Let $G$ be a topological group acting on a space $X$. It is know that if $X$ is compact, then there exists a minimal set as follows:
Theorem (Birkhoff) If $X$ is compact and nonempty, there exists a nonempty, closed $G$-invariant subset of $X$ which is minimal with respect to these properties.
What is a nice example for a noncompact space $X$ where this goes wrong?
Edit: Sorry, I accidentally had the word "proper subset" in the theorem above, which would make it wrong.
On
Here is an example with $X=\mathbf{R}^2$.

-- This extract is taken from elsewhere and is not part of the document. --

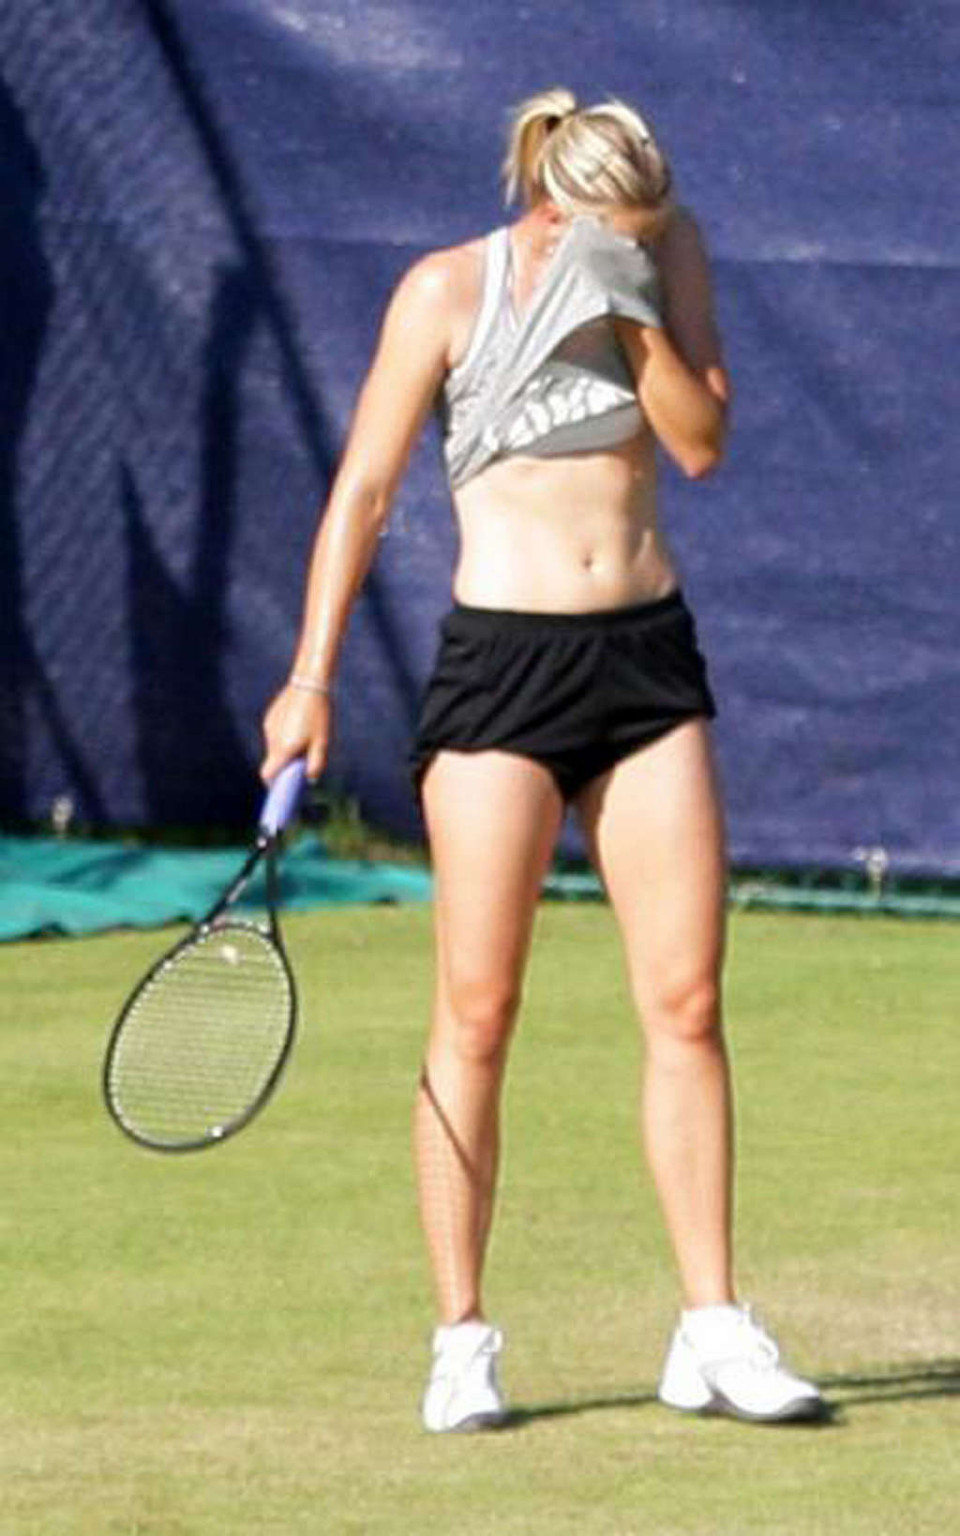 Maria sharapova nipple slip während spielen tennis paparazzi schießt
 #75346406

Let $D$ be the ordinal $\omega^\omega+1$ (here $\omega^\omega=\sup_n\omega^n$, and $+1$ means we take the 1-point compactification). This is a compact space. Its self-homeomorphism group acts on $D$, the orbits being given by the Cantor Bendixson rank (that is: by induction $D_n$ is the set of isolated points of $D\smallsetminus D_{n-1}$ and $D_\omega$ is a singleton).
Embed $D$ into the $2$-sphere $S$. Then each self-homeomorphism extends to a self-homeomorphism of $S$ (this is not trivial but not too hard). Let $G$ be the group of self-homeomorphisms of $S$ preserving $S$. Then the orbits of $G$ on $S$ are the $D_n$, the limit point $\infty$, and the open complement of $D$.
Now consider the action of $G$ on the plane $X=S\smallsetminus\{\infty\}$. Then its orbits are the same (except $\infty$), and hence the closed invariant subsets are $X$, the empty set and, for all $n$, the union $\bigcup_{k\ge n}D_n$. Hence there is no minimal nonempty closed invariant subset.
As noted in the comments, the word "proper" should not be here : $S^1$ (or any compact group) acts on itself transitively.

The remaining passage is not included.